Work to complete | Below are lines of records; copy exactly those from the one containing "Loção profissional para" through the one containing "Custom Cake Design", leaving the pictures behind.

===== Given data

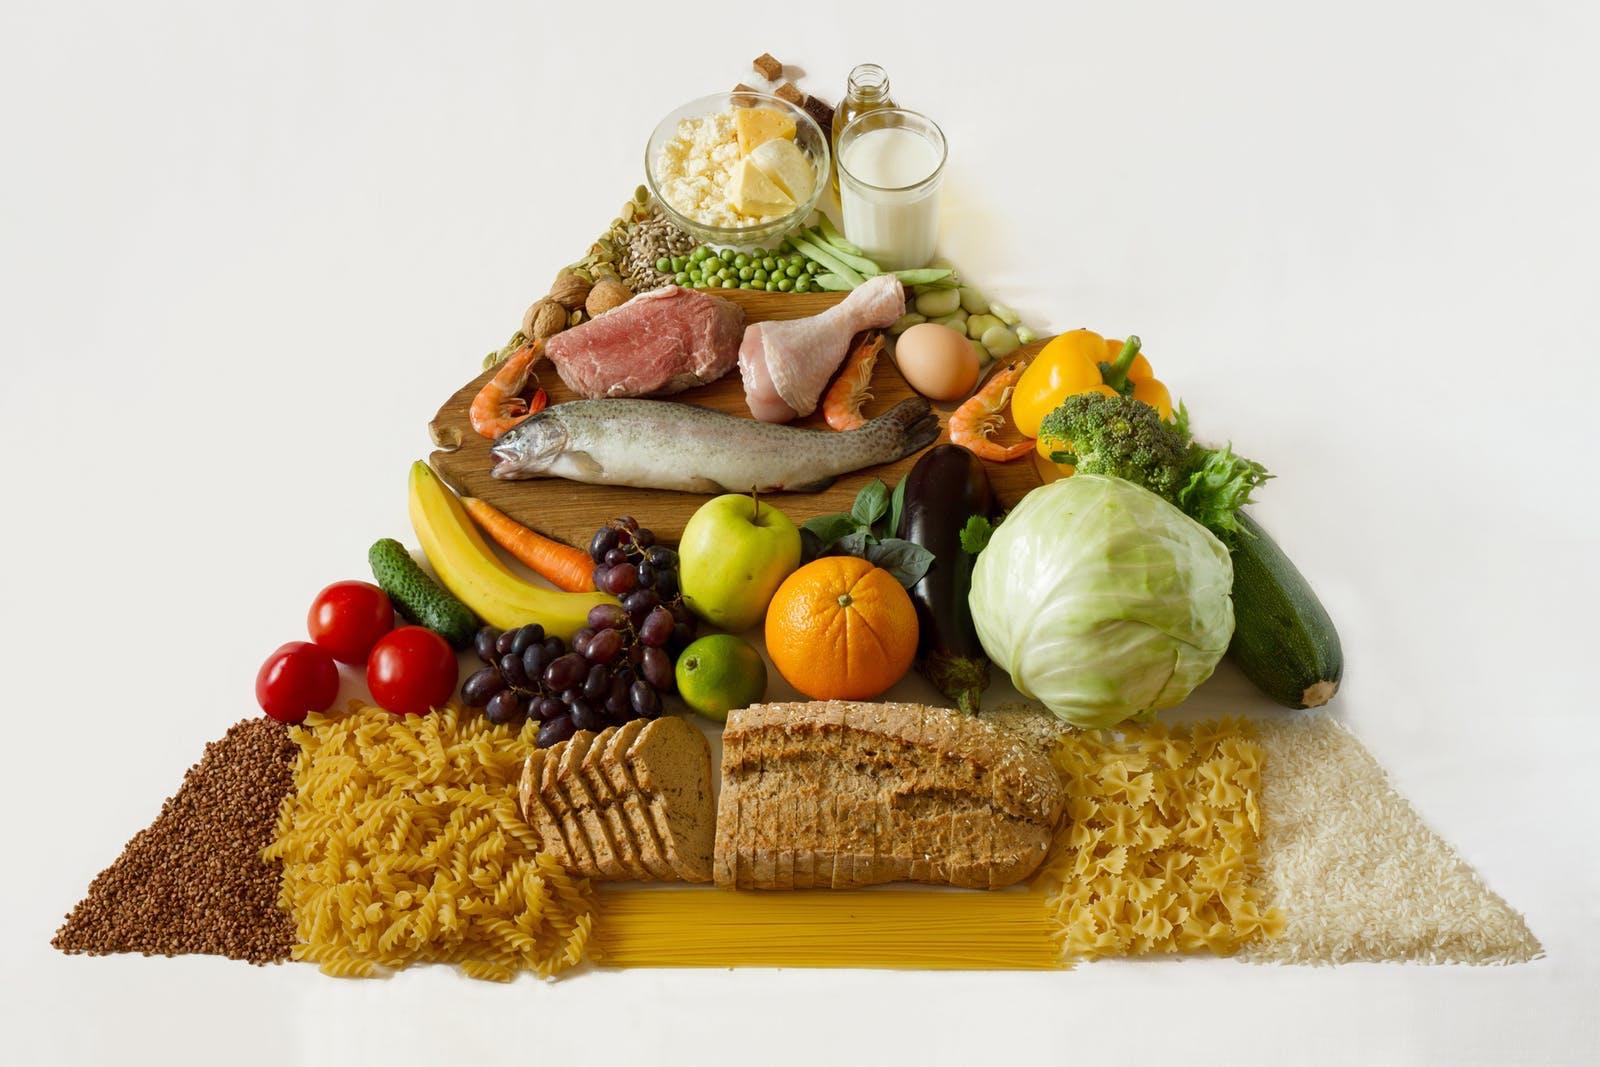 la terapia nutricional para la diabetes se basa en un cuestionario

==========
===== Given data

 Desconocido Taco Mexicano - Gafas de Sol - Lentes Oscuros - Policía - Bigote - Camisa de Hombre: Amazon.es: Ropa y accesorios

==========
===== Given data

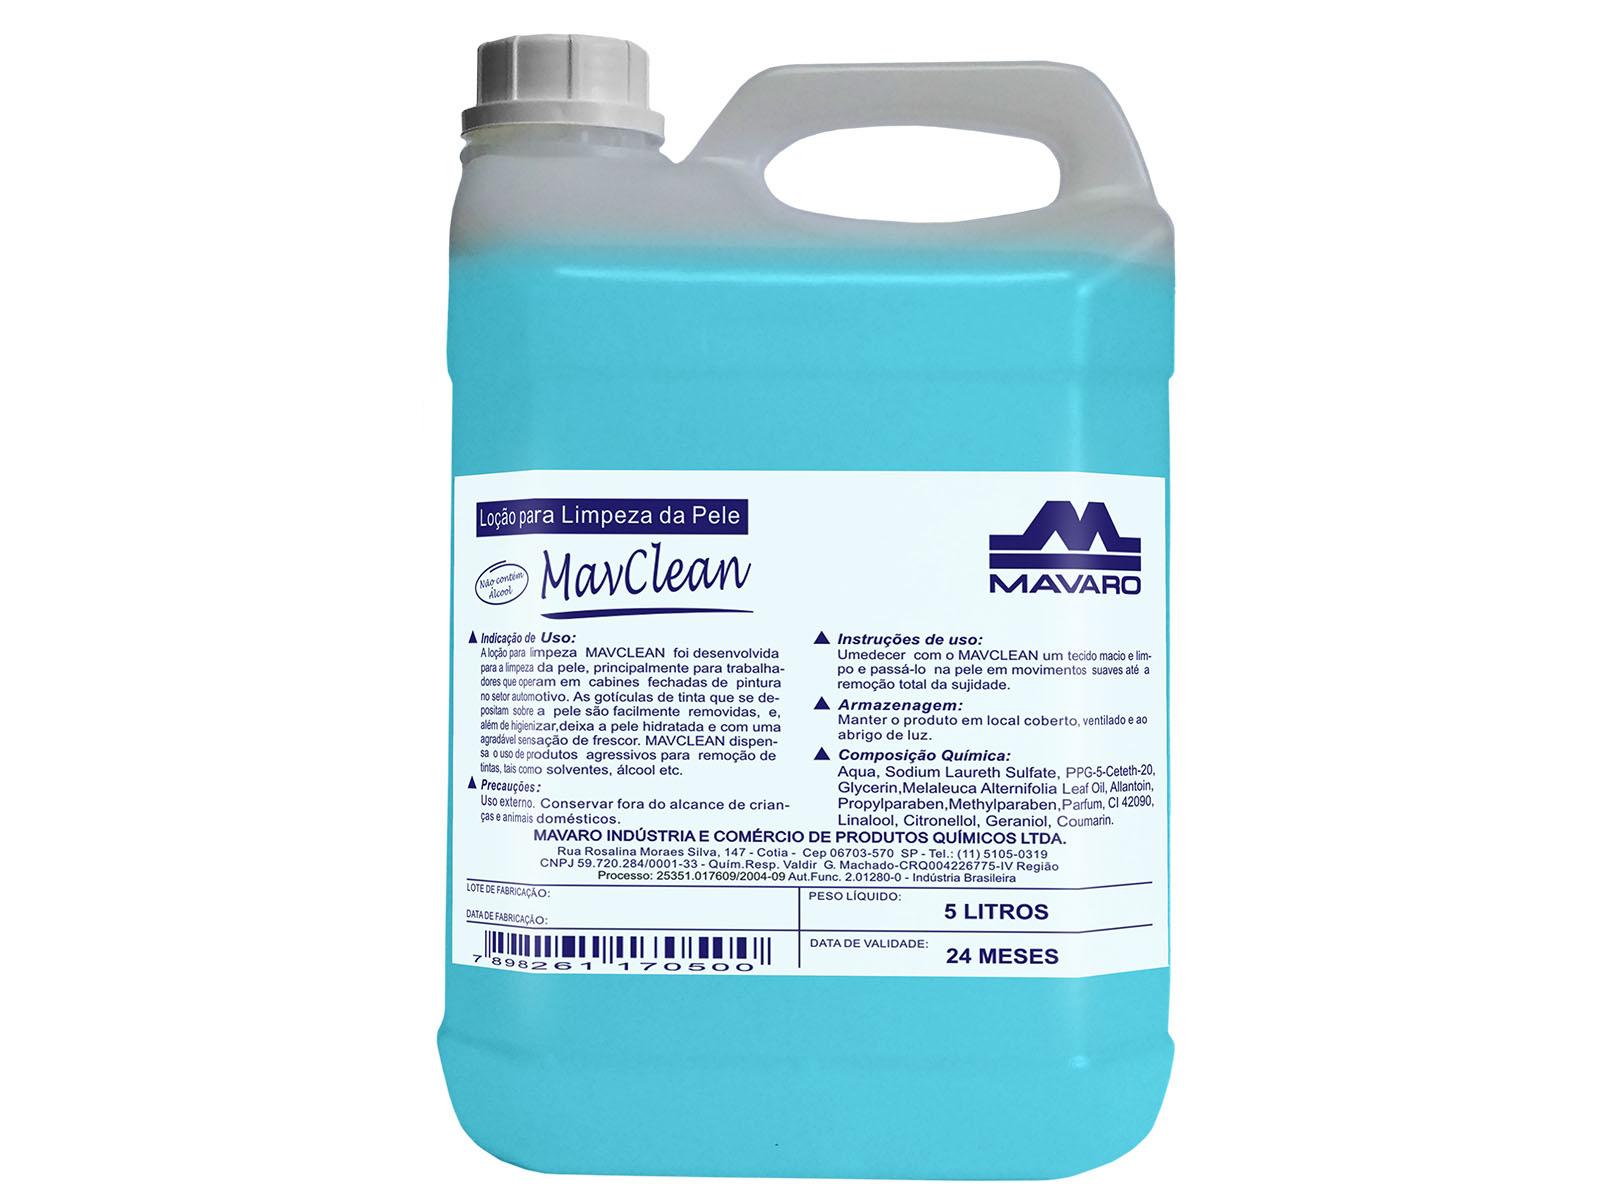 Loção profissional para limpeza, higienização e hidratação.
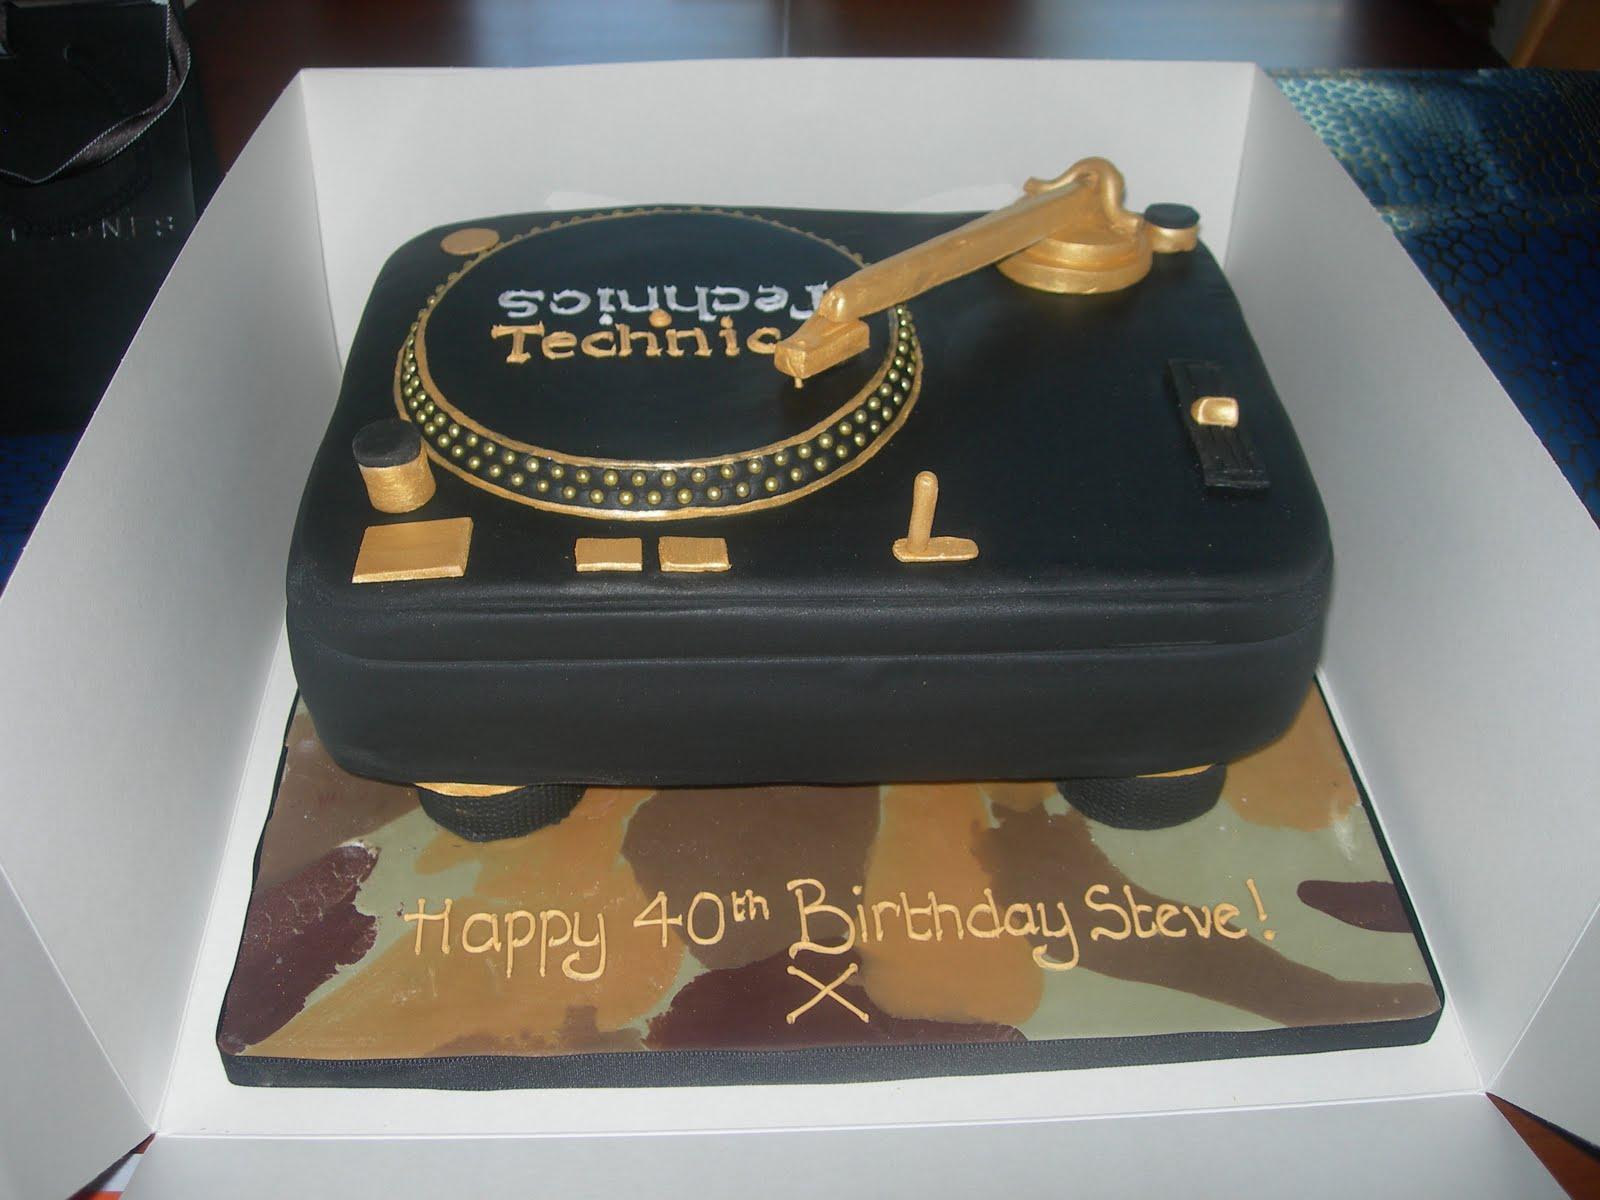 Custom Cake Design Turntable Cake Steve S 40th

==========

Response |
 Loção profissional para limpeza, higienização e hidratação.
 Custom Cake Design Turntable Cake Steve S 40th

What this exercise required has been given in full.